2004 novel by Dan Cragg

Jedi Trial is a science fiction novel by David Sherman and Dan Cragg, first published by Del Rey in 2004. It is set in the Star Wars galaxy during the Clone Wars.

==Summary==

This book tells the tale of Jedi Master Nejaa Halcyon and Jedi Padawan Anakin Skywalker trying to rescue an important Republic communications hub from the Separatist Forces, located on the barren planet of Praesitlyn. Halcyon, having previously failed an important mission, is sent as a trial in order for him to regain the Jedi Council's trust. As they had grown close during their time in the Jedi Temple, Halcyon chose Skywalker as his second-in-command against the wishes of the council, making the mission as much a trial for Anakin, as well.

Even before reaching Praesitlyn, Nejaa confesses to Anakin of his violation of the Jedi code, that he has a wife and a son. In turn, Anakin relates about his own forbidden marriage to Padmé Amidala, with both Jedi promising not to reveal their digressions to anyone.

Skywalker and Halcyon lead the Republic reserve forces to reinforce Praesitlyn, and to recover the hostages within the Intergalactic Communications Center from C.I.S. occupation.
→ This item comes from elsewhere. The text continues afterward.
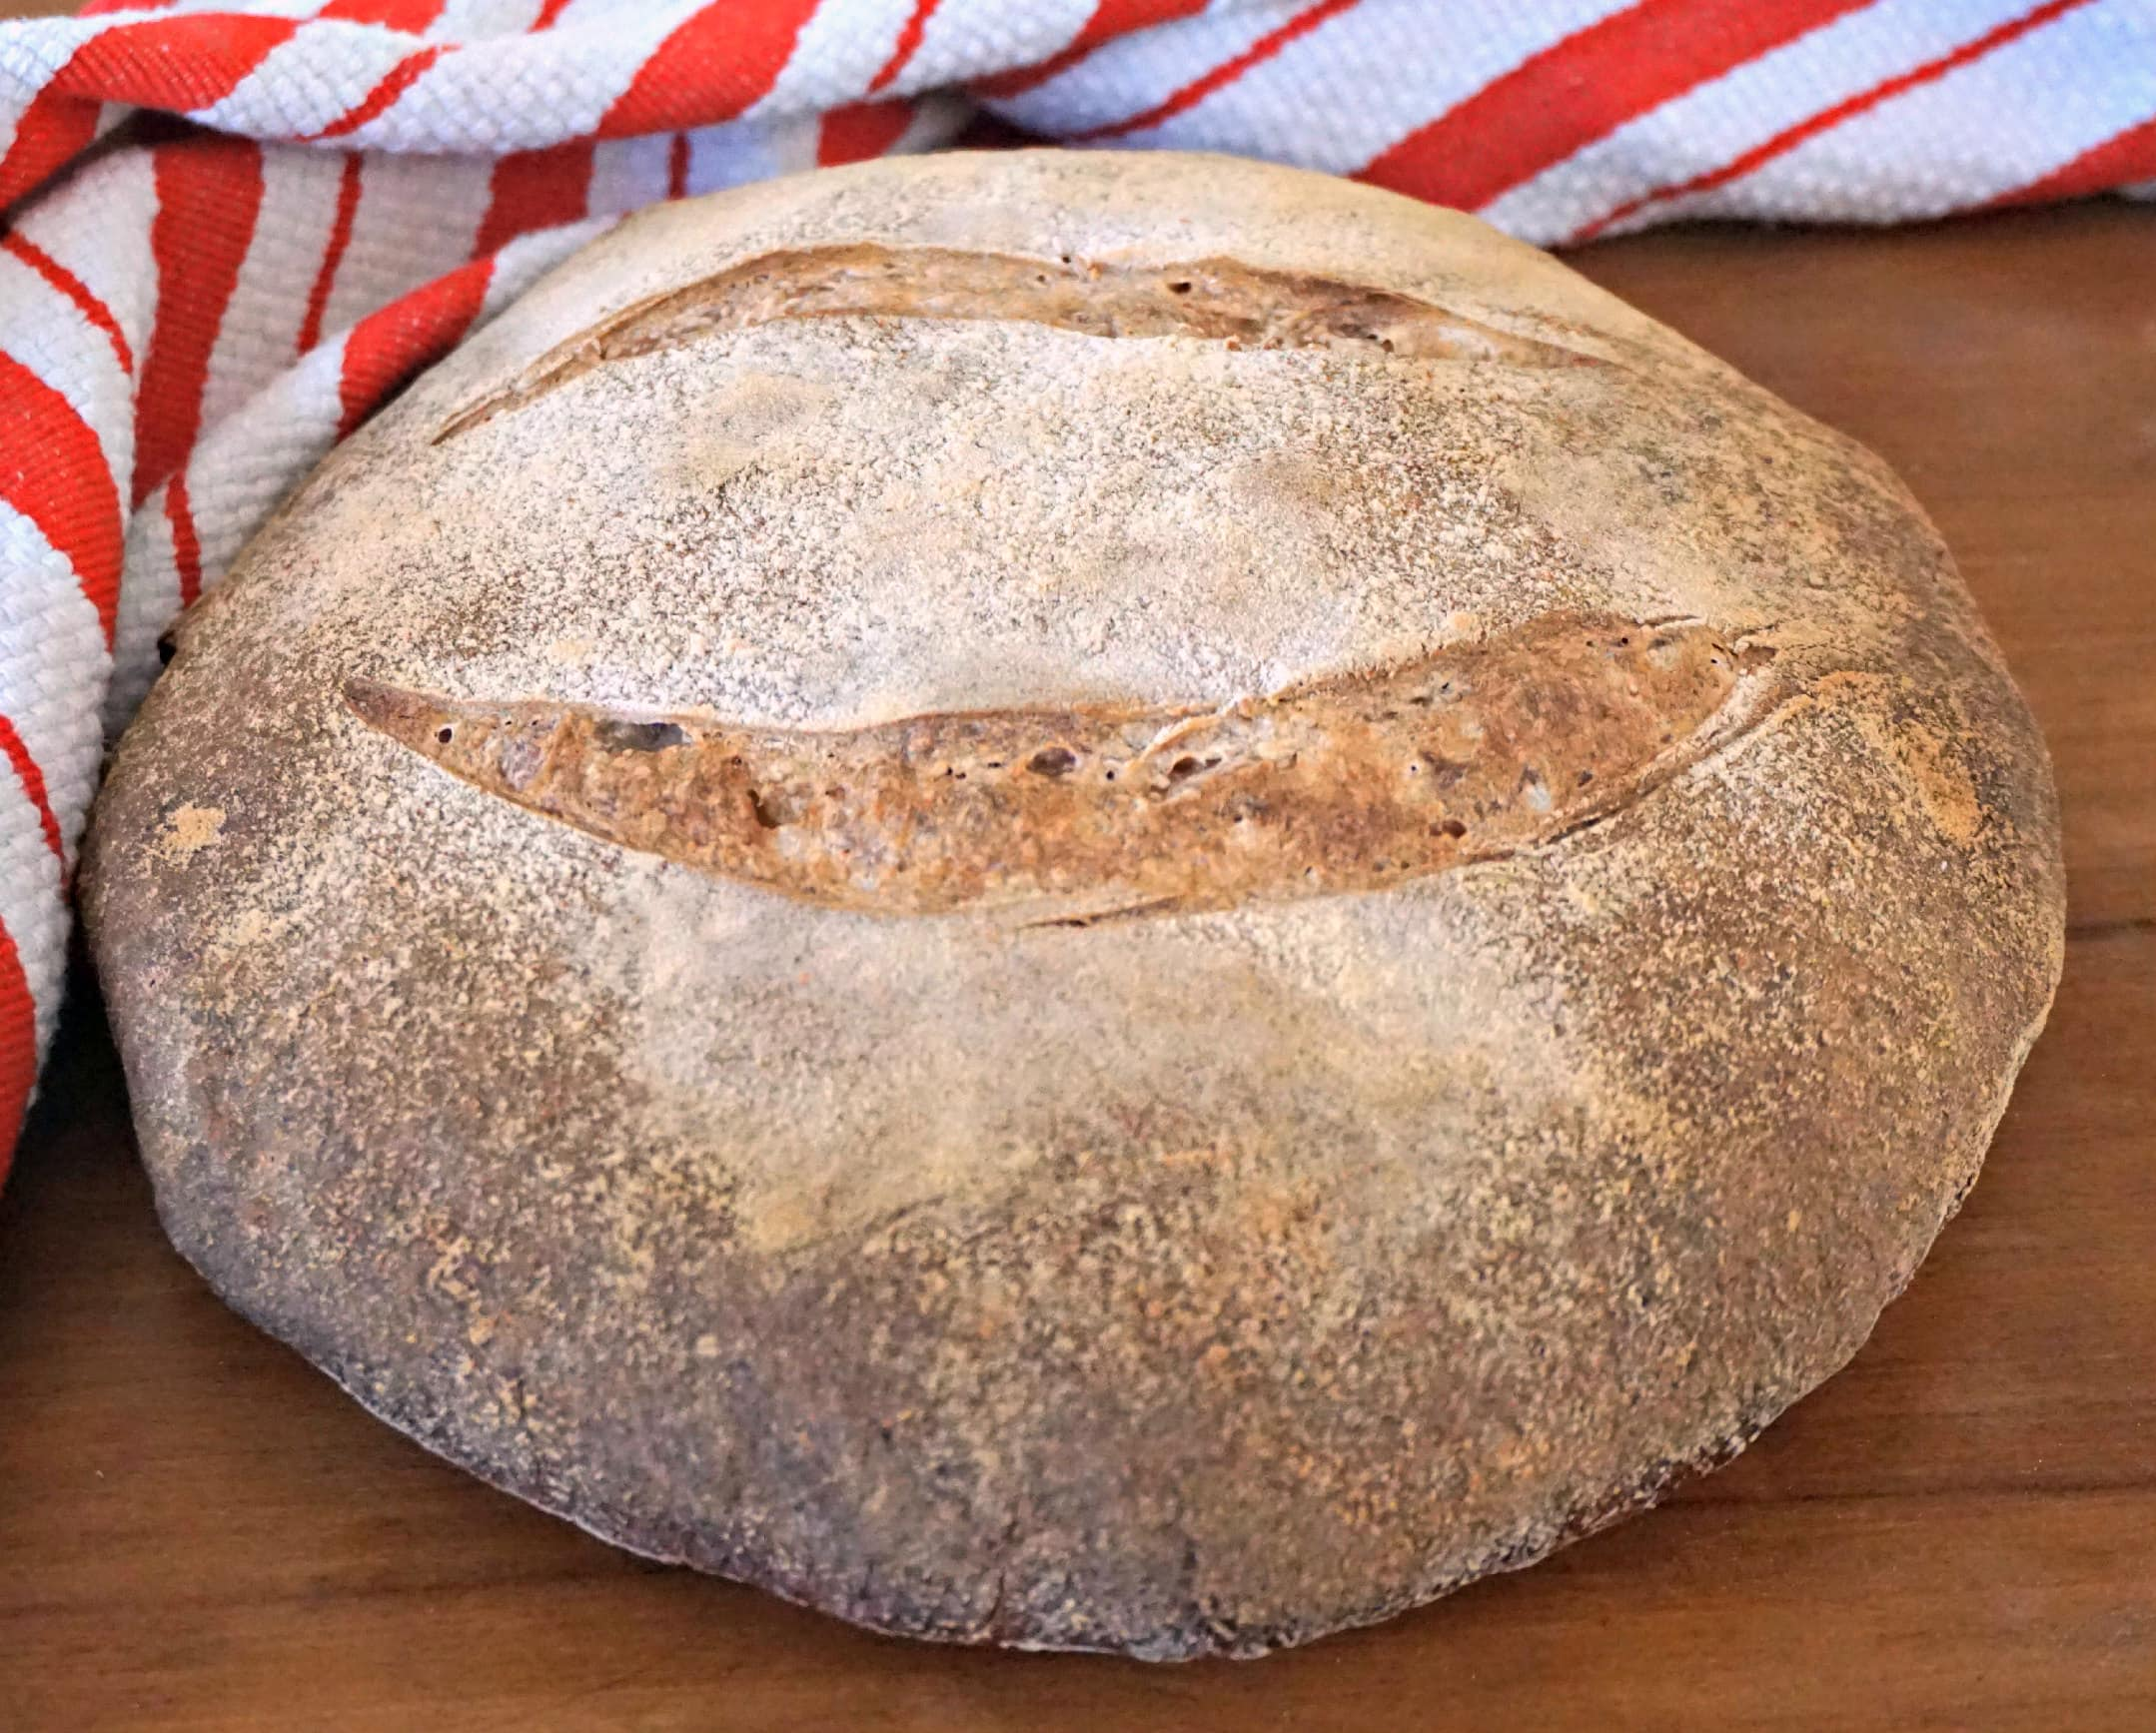 Smiling Sourdough Bread
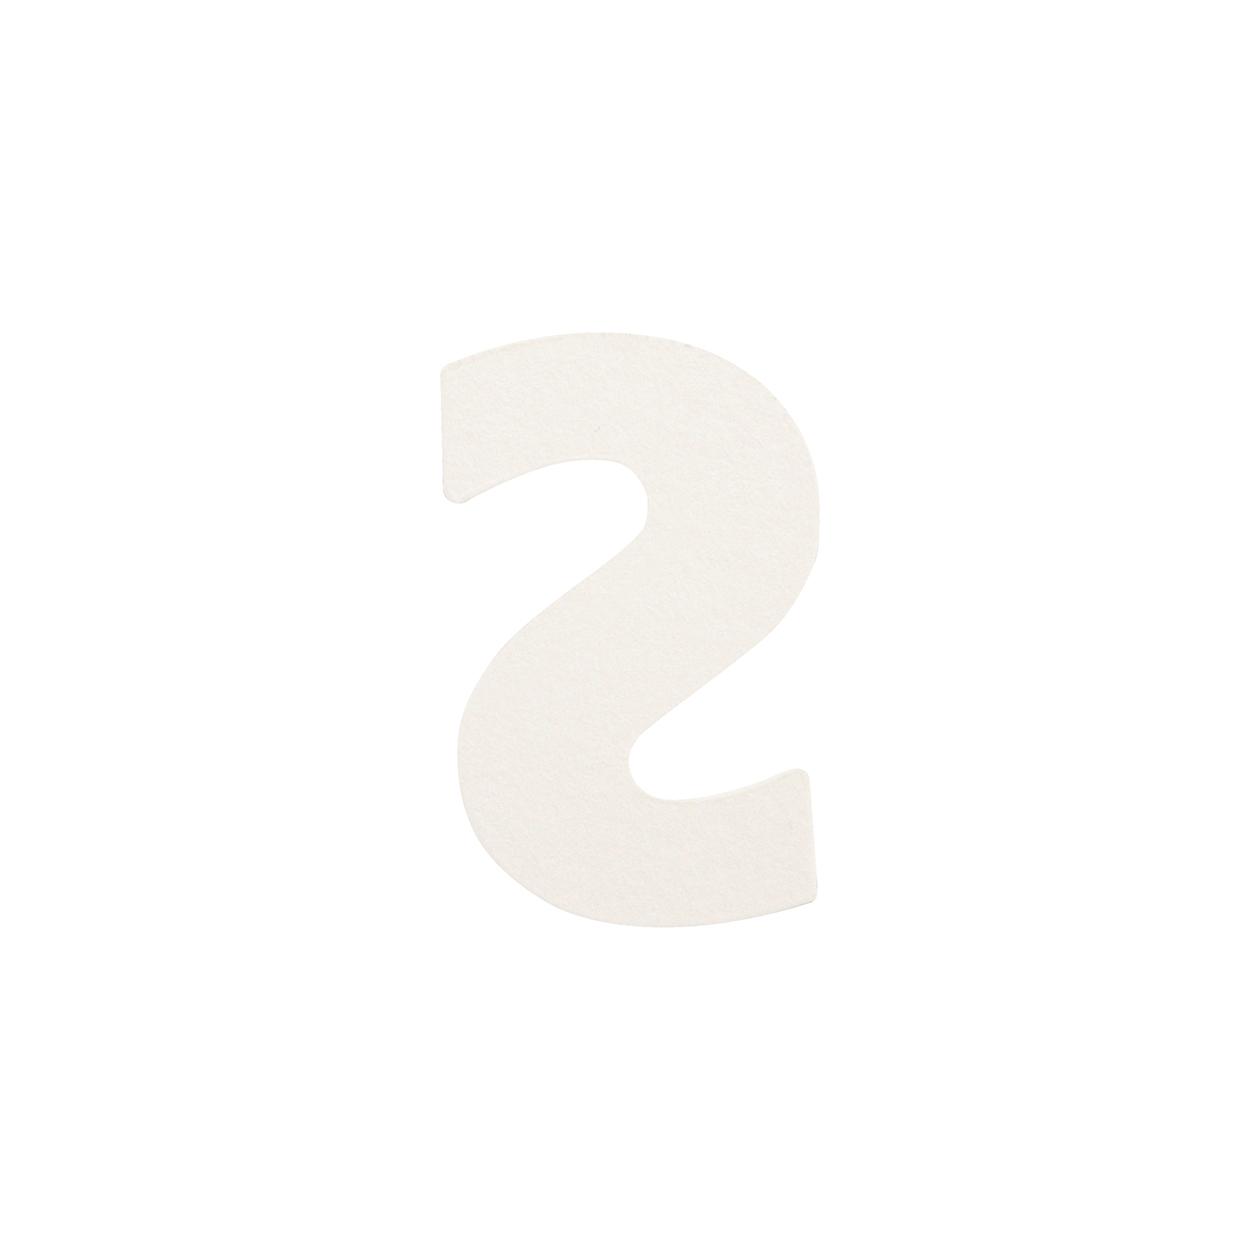 No.395ボード A7カードDC 文字S シルバー

The opposing C.I.S. forces are commanded by Muun Admiral Pors Tonith of the InterGalactic Banking Clan, under command himself from Asajj Ventress and Sith Lord Count Dooku.

At this time, the Praesitlyn Defense Forces have been overcome, with Trooper Odie Subu and Lieutenant Erk H'Arman the only survivors. The only reason Praesitlyn has not been completely overrun by the C.I.S. is due to intervention by a rogue former Republic officer, Captain Slayke, and his troops, the badly-outnumbered Sons and Daughters of Freedom. Halcyon and Skywalker arrive just in time to relieve Slayke with all available troops, though the situation is still perilous.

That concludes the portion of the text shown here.